[Source records]
····················

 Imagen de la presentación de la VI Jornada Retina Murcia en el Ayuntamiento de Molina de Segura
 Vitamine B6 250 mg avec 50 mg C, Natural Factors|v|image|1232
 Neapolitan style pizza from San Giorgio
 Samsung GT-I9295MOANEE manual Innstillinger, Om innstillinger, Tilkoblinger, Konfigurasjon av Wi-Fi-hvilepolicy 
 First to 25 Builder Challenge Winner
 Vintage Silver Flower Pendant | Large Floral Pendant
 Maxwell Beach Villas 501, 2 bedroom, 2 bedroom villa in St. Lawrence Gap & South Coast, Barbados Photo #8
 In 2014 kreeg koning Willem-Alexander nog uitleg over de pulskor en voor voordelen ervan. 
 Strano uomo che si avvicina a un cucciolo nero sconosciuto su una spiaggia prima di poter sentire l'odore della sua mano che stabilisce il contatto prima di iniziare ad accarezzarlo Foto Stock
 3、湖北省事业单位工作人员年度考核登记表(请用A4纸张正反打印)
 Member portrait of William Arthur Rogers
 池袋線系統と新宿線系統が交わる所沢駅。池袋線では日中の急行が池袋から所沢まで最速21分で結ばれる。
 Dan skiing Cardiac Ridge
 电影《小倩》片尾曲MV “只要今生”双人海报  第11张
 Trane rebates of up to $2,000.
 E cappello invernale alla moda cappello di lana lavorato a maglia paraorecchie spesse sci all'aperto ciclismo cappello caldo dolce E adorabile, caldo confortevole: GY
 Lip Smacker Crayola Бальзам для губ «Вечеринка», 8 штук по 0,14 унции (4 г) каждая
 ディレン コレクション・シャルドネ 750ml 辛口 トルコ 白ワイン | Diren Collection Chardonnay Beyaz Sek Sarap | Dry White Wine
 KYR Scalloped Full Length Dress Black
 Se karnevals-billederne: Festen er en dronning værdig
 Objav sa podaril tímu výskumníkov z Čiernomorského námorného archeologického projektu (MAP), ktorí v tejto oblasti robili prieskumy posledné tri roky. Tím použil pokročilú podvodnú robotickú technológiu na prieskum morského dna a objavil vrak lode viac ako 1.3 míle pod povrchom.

····················

Task goal:
Exactly as written, repeat each line from the beginning of the data above to the line containing "Strano uomo che", inclusive.

Output for this task:
 Imagen de la presentación de la VI Jornada Retina Murcia en el Ayuntamiento de Molina de Segura
 Vitamine B6 250 mg avec 50 mg C, Natural Factors|v|image|1232
 Neapolitan style pizza from San Giorgio
 Samsung GT-I9295MOANEE manual Innstillinger, Om innstillinger, Tilkoblinger, Konfigurasjon av Wi-Fi-hvilepolicy 
 First to 25 Builder Challenge Winner
 Vintage Silver Flower Pendant | Large Floral Pendant
 Maxwell Beach Villas 501, 2 bedroom, 2 bedroom villa in St. Lawrence Gap & South Coast, Barbados Photo #8
 In 2014 kreeg koning Willem-Alexander nog uitleg over de pulskor en voor voordelen ervan. 
 Strano uomo che si avvicina a un cucciolo nero sconosciuto su una spiaggia prima di poter sentire l'odore della sua mano che stabilisce il contatto prima di iniziare ad accarezzarlo Foto Stock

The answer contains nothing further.